Pensar o Serviço Social na contemporaneidade, requer os olhos abertos
para o mundo contemporâneo para decifrá-lo e participar da sua
recriação. (...) É nessa perspectiva que se inquire a realidade buscando,
pelo seu deciframento, o desenvolvimento de um trabalho pautado no
zelo pela qualidade dos serviços prestados, Na defesa da universalidade
dos serviços públicos, na atualização dos compromissos ético-políticos
com os interesses coletivos da população usuária. (IAMAMOTO, 2005,
p. 19-20)
Assim, ao observar a realidade na UFTM a partir da implantação da Política
Nacional Estudantil – PNAES instituída através da Reestruturação das Universidades
Federais – REUNI poder-se-á com o presente estudo conhecer as condições dos discentes
de graduação em sistema presencial na UFTM oriundos nas iniciativas educacionais de
2008 a 2012 e a influência na sua perspectiva de vida. Nesse sentido, além de realizar uma
pesquisa para analisar a Política Nacional de Assistência Estudantil na UFTM, o presente
projeto pretende ser, também, propositivo.

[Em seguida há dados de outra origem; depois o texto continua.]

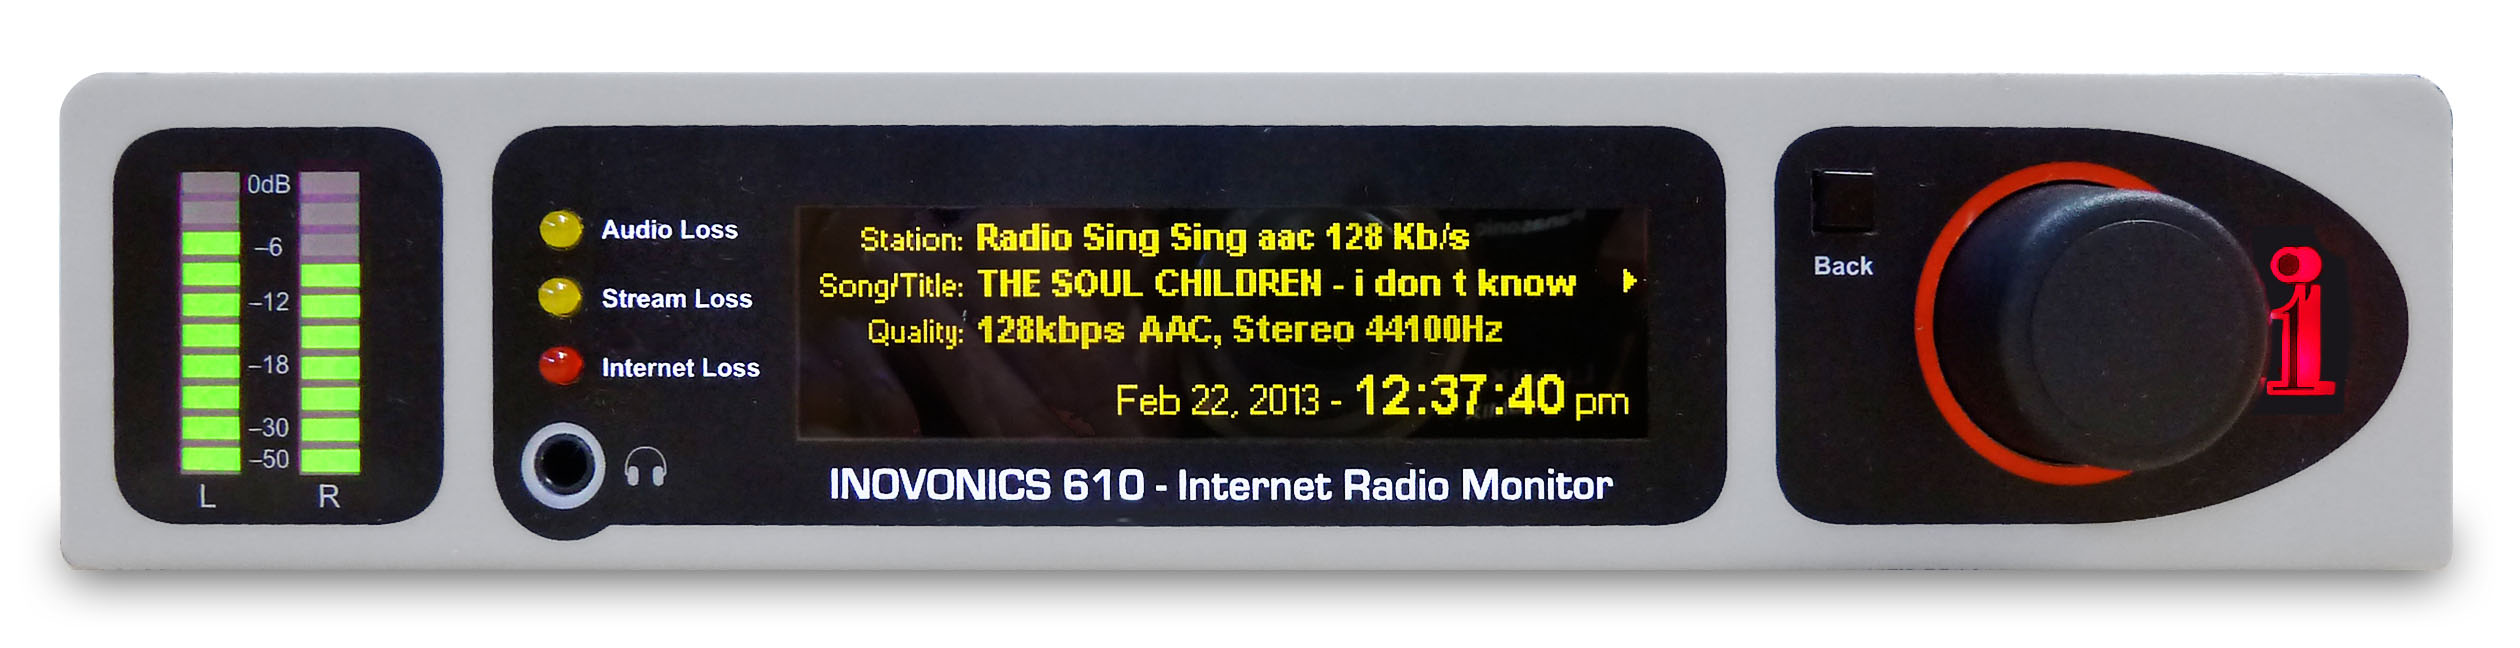 streamers use AM/FM radio to connect – Radio Connects

2. A ASSISTÊNCIA ESTUDANTIL NA ESFERA DA EDUCAÇÃO
SUPERIOR
A assistência estudantil é uma forma de concretização das Políticas Públicas, em
nível federal e local, no que diz respeito à permanência e conclusão de curso de graduação,
particularmente dos que se encontra em situação de vulnerabilidade socioeconômica.
Fundamenta-se, para isto, no Programa Nacional de Assistência Estudantil (PNAES,
Portaria Normativa nº 39, de 12 de dezembro de 2007, do Ministério da Educação e do
decreto 7.234 de 19 de julho 2010). Este programa efetiva-se por meio de ações que se
desenvolvem nas seguintes áreas estratégicas: moradia estudantil; alimentação; transporte;
assistência à saúde; inclusão digital; cultura; esporte; creche; apoio pedagógico; e acesso,
participação e aprendizagem de estudantes com deficiência, transtornos globais do
desenvolvimento e altas habilidades e superdotação.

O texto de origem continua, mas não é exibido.